Supplied information »
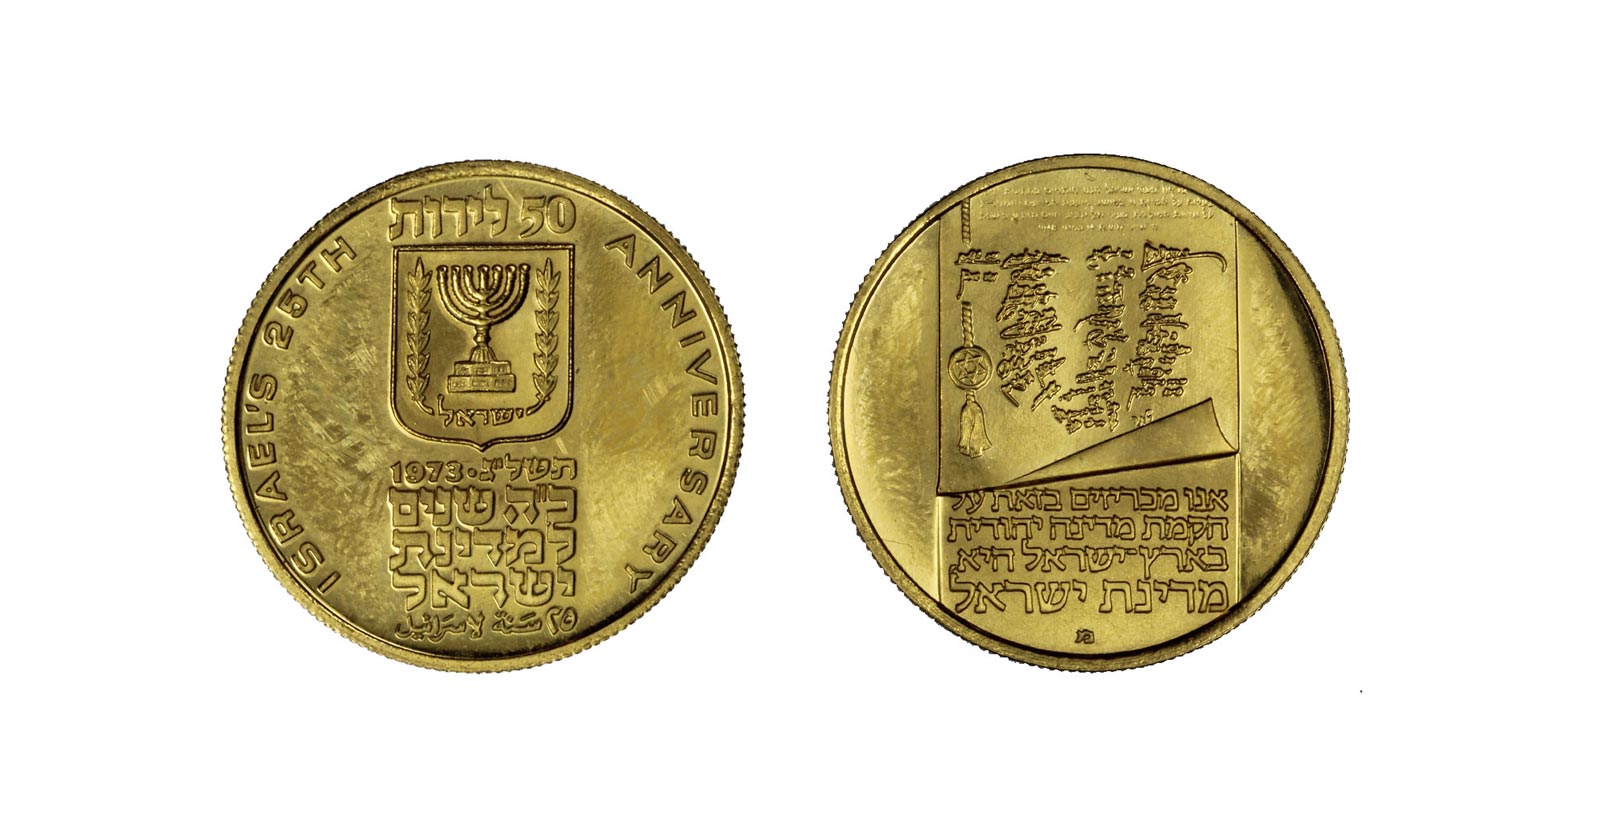 25 anniversario dell'Indipendenza - 50 sterline gr. 7,00 in oro 900/000
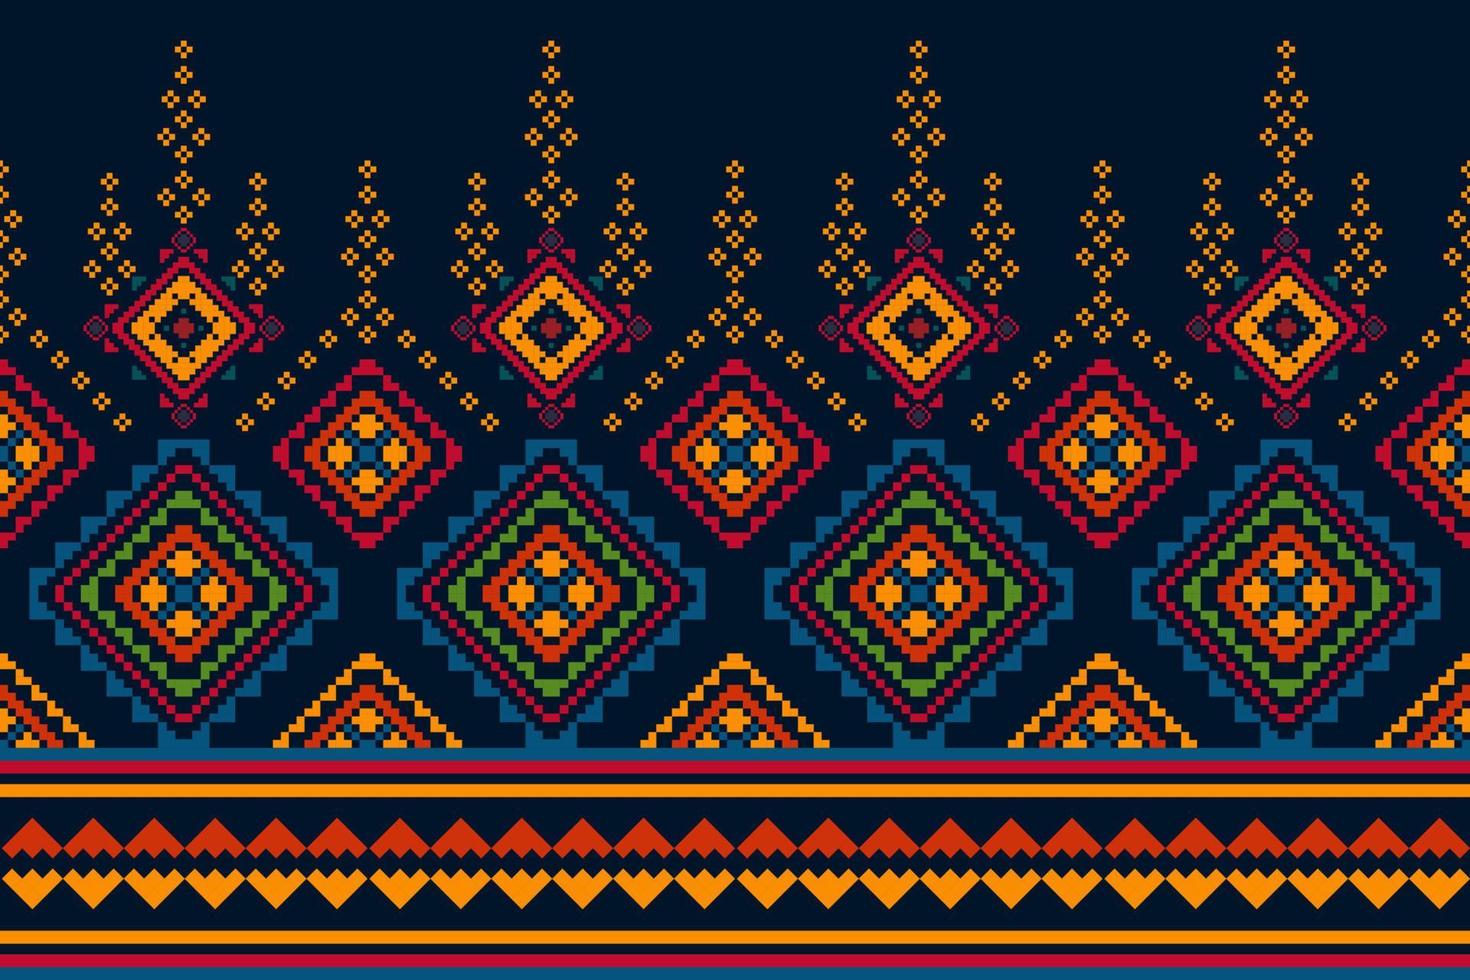 ikat etnisch naadloos patroon huis decoratie ontwerp. aztec kleding stof tapijt boho mandala's textiel decor behang. tribal inheems motief volk traditioneel borduurwerk vector illustraties achtergrond
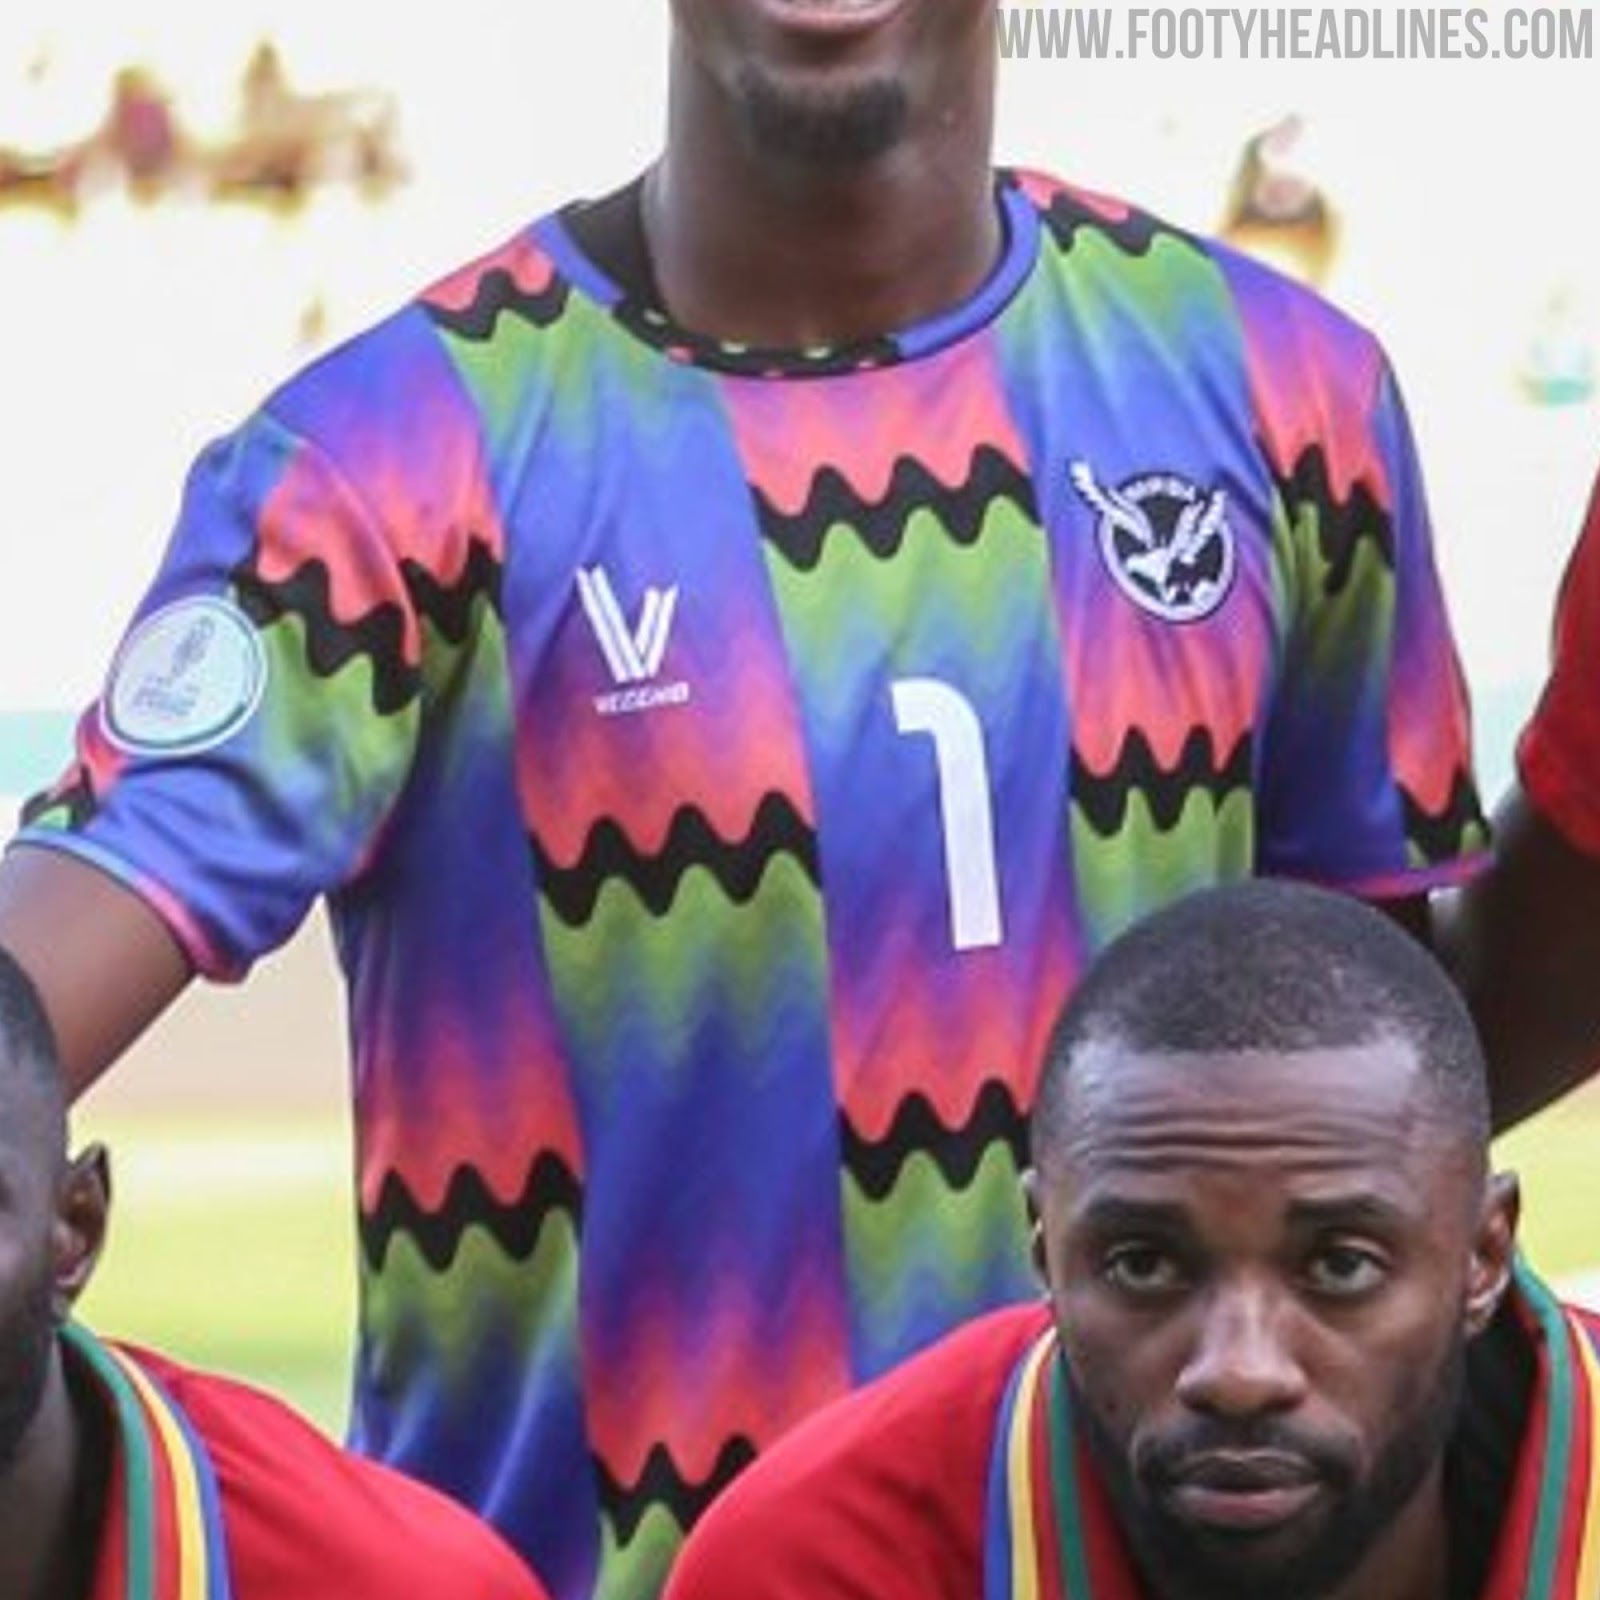 Camisa de goleiro da Seleção da Namíbia Reprodução / Footyheadlines
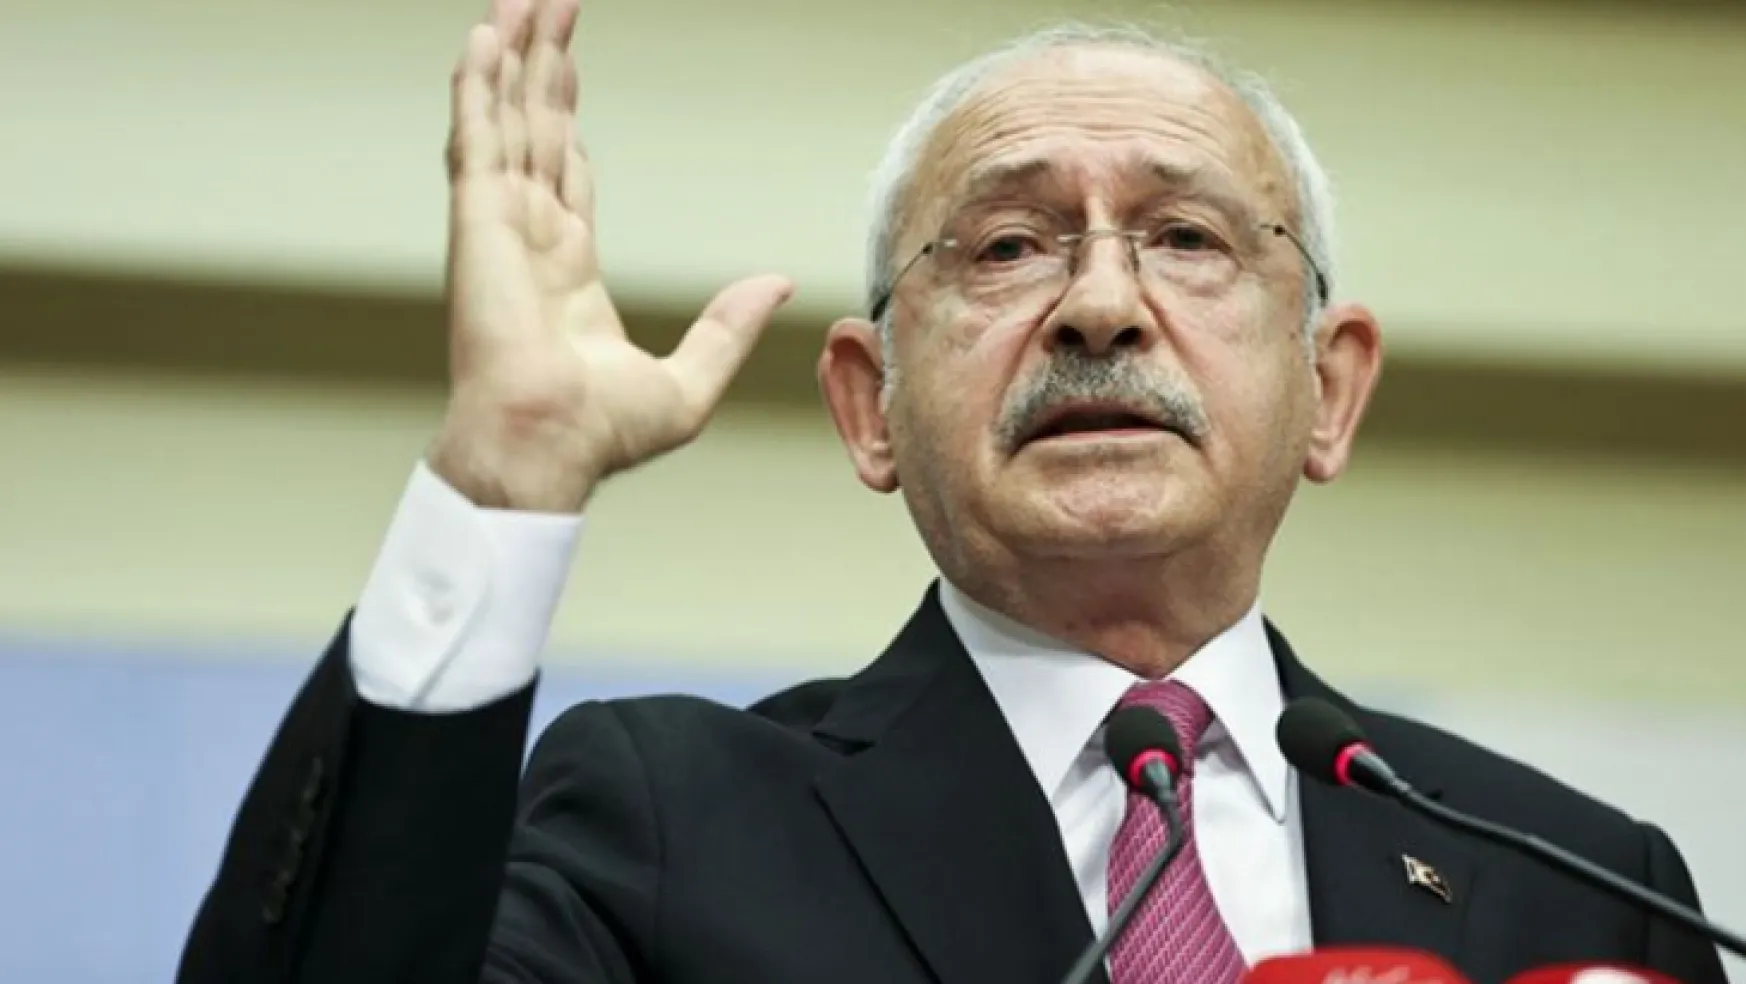 Kılıçdaroğlu: İktidar olursak Suriye'de meşru hükümetle protokol yapılacak

Your objective » Skip the pictures. Return exactly the lines from the one containing "ikat etnisch naadloos" through the end of the data above, both included, and nothing besides.

Written response »
 ikat etnisch naadloos patroon huis decoratie ontwerp. aztec kleding stof tapijt boho mandala's textiel decor behang. tribal inheems motief volk traditioneel borduurwerk vector illustraties achtergrond
 Camisa de goleiro da Seleção da Namíbia Reprodução / Footyheadlines
 Kılıçdaroğlu: İktidar olursak Suriye'de meşru hükümetle protokol yapılacak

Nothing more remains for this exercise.